Tool Replay
Tool replay lets evals keep testing real agent behavior without paying for every external dependency on every run. Use it for local tool calls that are expensive, slow, rate-limited, unstable, or hard to reproduce.
What to Replay
Section titled “What to Replay”Replay local tools and service calls, not the entire model interaction. Good candidates include web search, retrieval, third-party APIs, browser fetches, and internal service lookups.

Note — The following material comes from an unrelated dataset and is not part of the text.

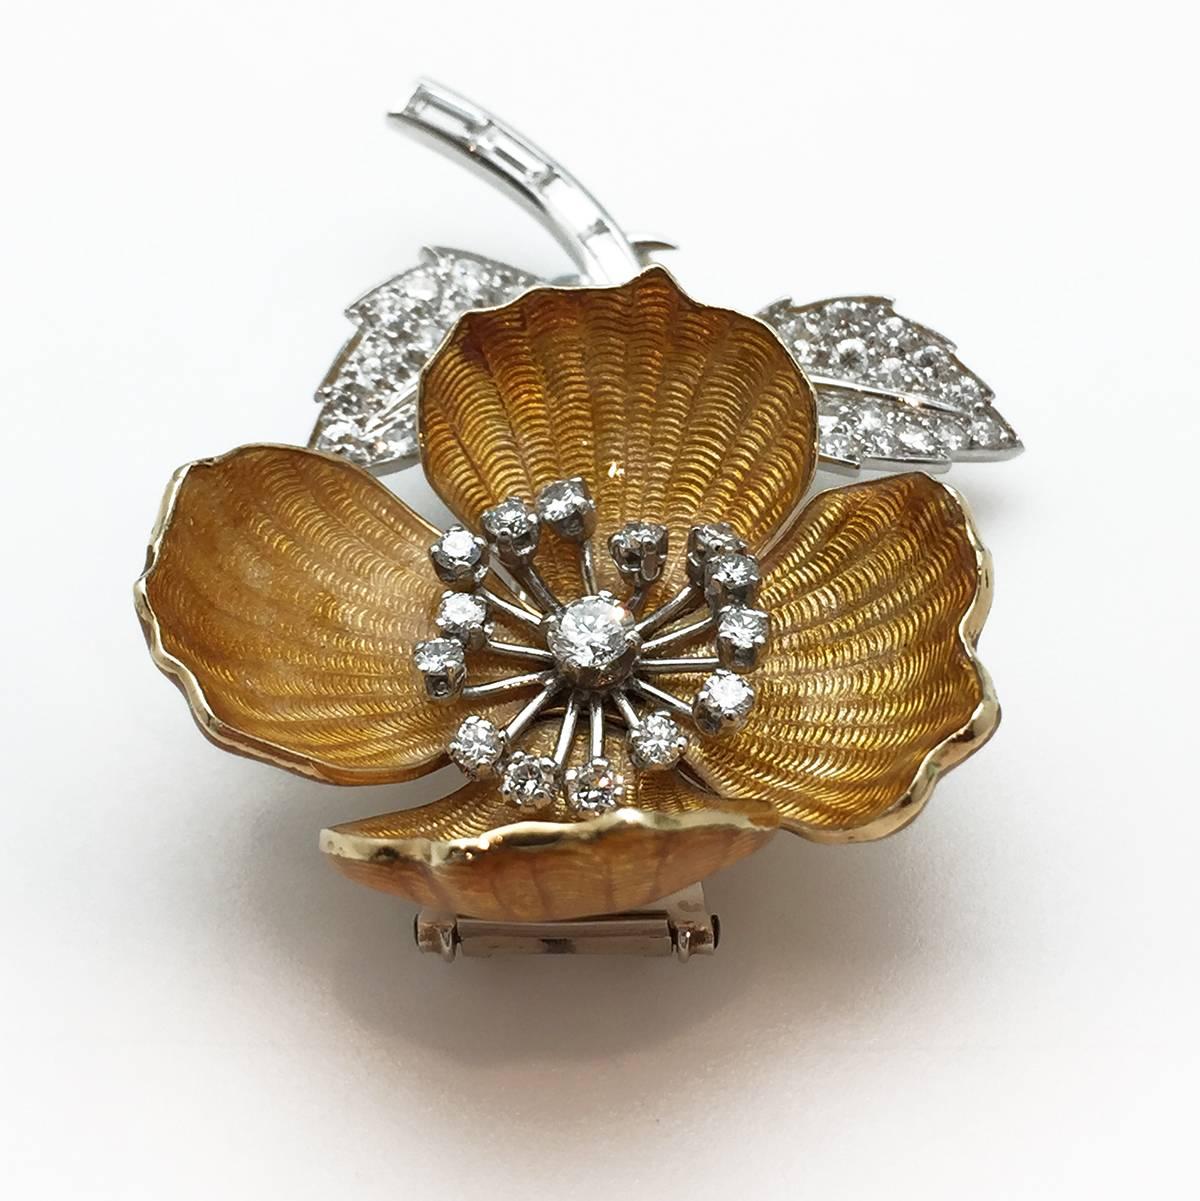 A beautiful Boucheron brooch "Eglantine" collection made in 750/000 gold and 950/000 platinum. This brooch is designed as a flower which stem, leaves and pistil are set with baguette cut or brilliant cut diamonds. The four 750/000 yellow

export const qaHarness = aiSdkHarness({ agent: () => createQuestionAgent(), tools: { lookupCapital, }, toolReplay: { lookupCapital: true, }, output: ({ result }) => textAnswer(result.text),});Keep live provider model calls live unless your app exposes them as local tools. That keeps evals sensitive to prompt and model behavior while removing noise from dependencies.
Replay Modes
Section titled “Replay Modes”Choose a mode with VITEST_EVALS_REPLAY_MODE.
| Mode | Behavior |
|---|---|
auto | Replay when a recording exists; otherwise call live and record. This is the default. |
record | Always call live and overwrite recordings. Use this to refresh fixtures intentionally. |
off | Call live tools and do not read or write recordings. |
strict | Require an existing recording and fail when one is missing. |
Cache Keys and Redaction
Section titled “Cache Keys and Redaction”Use a replay config object when a cache key needs to ignore unstable values, recordings need a version, or outputs need redaction.

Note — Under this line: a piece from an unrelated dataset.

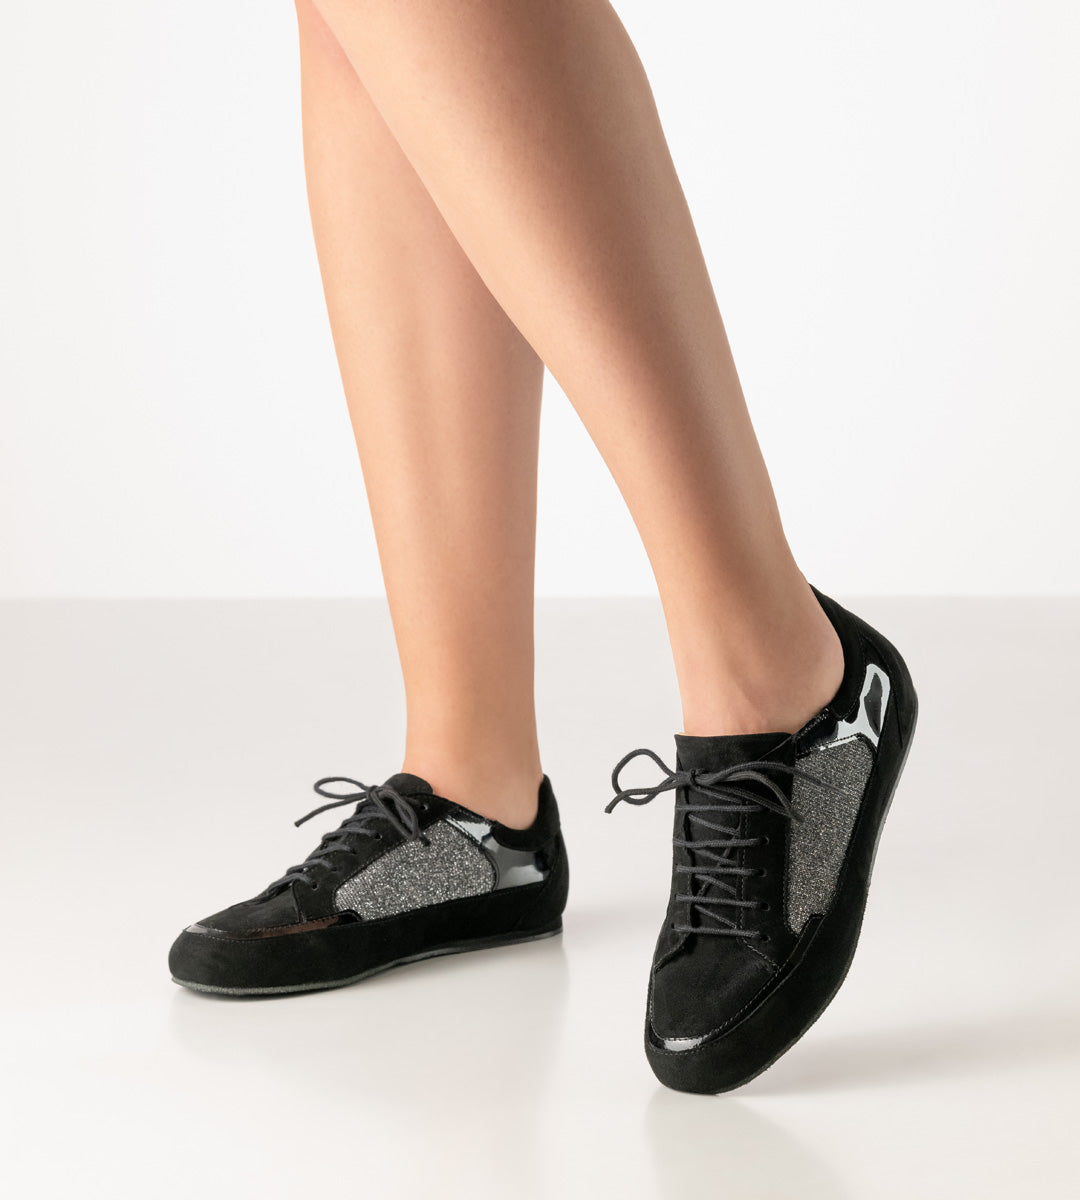 Werner Kern Carol Ladies Nappa Leather and Brocade Dance Sneakers Available in White and Black

export const qaHarness = aiSdkHarness({ agent: () => createQuestionAgent(), tools: { lookupCapital, }, toolReplay: { lookupCapital: { version: "v1", key: (args) => ({ country: args.country, }), sanitize: (recording) => ({ ...recording, output: { capital: recording.output.capital, country: recording.output.country, }, }), }, }, output: ({ result }) => textAnswer(result.text),});Keep recordings small and reviewable. Redact secrets, customer data, unstable timestamps, and high-cardinality response fields before committing fixtures.
Workflow
Section titled “Workflow”Most of the time, auto is all you need — recordings accumulate on the first
run and replay automatically after that. When an intentional app change needs
new tool responses, rerun in record mode and review the fixture diff with
the code change.
VITEST_EVALS_REPLAY_MODE=record pnpm evals